In past ages, the bay used to be regularly visited by sailing vessels up to 700 tons. These were able to anchor here up until around the 1850s, after which the sand of the Burry Estuary silted the bay too heavily to afford their traffic.
Beachcombing the Sands
The sands here can shift quite drastically with the tides, especially after a gale. At low tides, after the sands have shifted, many a rewarding find have been discovered by walking this stretch of beach. Not so long ago, the handle of a 17th Century sword was discovered, protruding from the sands like King Arthur's Excalibur itself. The handle had become separated from the blade itself but, remarkably, this also was found, and by the same man, a few days later whilst patrolling the same stretch of bay. Historians and archeologists all insist that this area still has a lot of treasure to disclose to the lucky beachcomber.

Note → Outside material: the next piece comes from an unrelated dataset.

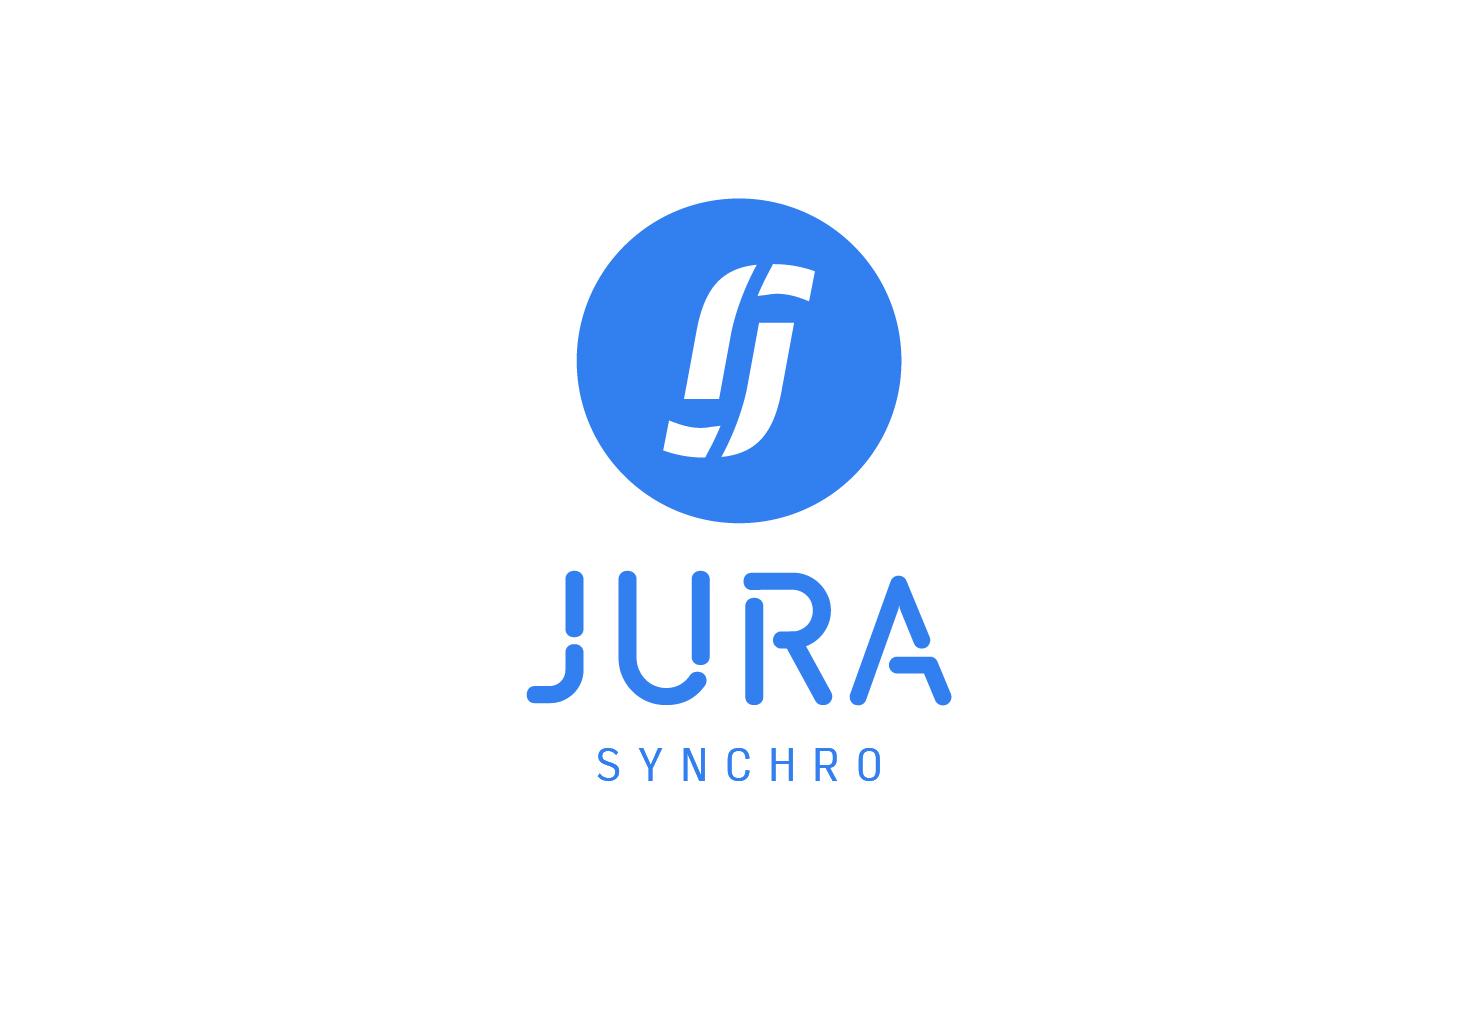 Jura Synchro Logo. Design by Annick & Yannick. Jura.

At the northern end of the bay, set high amongst the cliff, lays the twin entrance of Spritsail Tor Cave. Discovered in 1839 whilst quarrying the rock here, remains of Ice-Age animals and two fragments of worked bone suggest that the cave was occupied by Palaeolithic man. Further animal and human bones were also uncovered here, along with fragments of pottery, detailing how the cave later came to be used as for domestic and funerary use during the Roman occupation of the area.
To the south-east of the bay, at Foxhole Point, a deep but shallow sea cave with a clean, sandy floor can be found.
The southern end of the bay gives access, at low tide only to a series of small coves, the largest of which is Blue Pool Bay.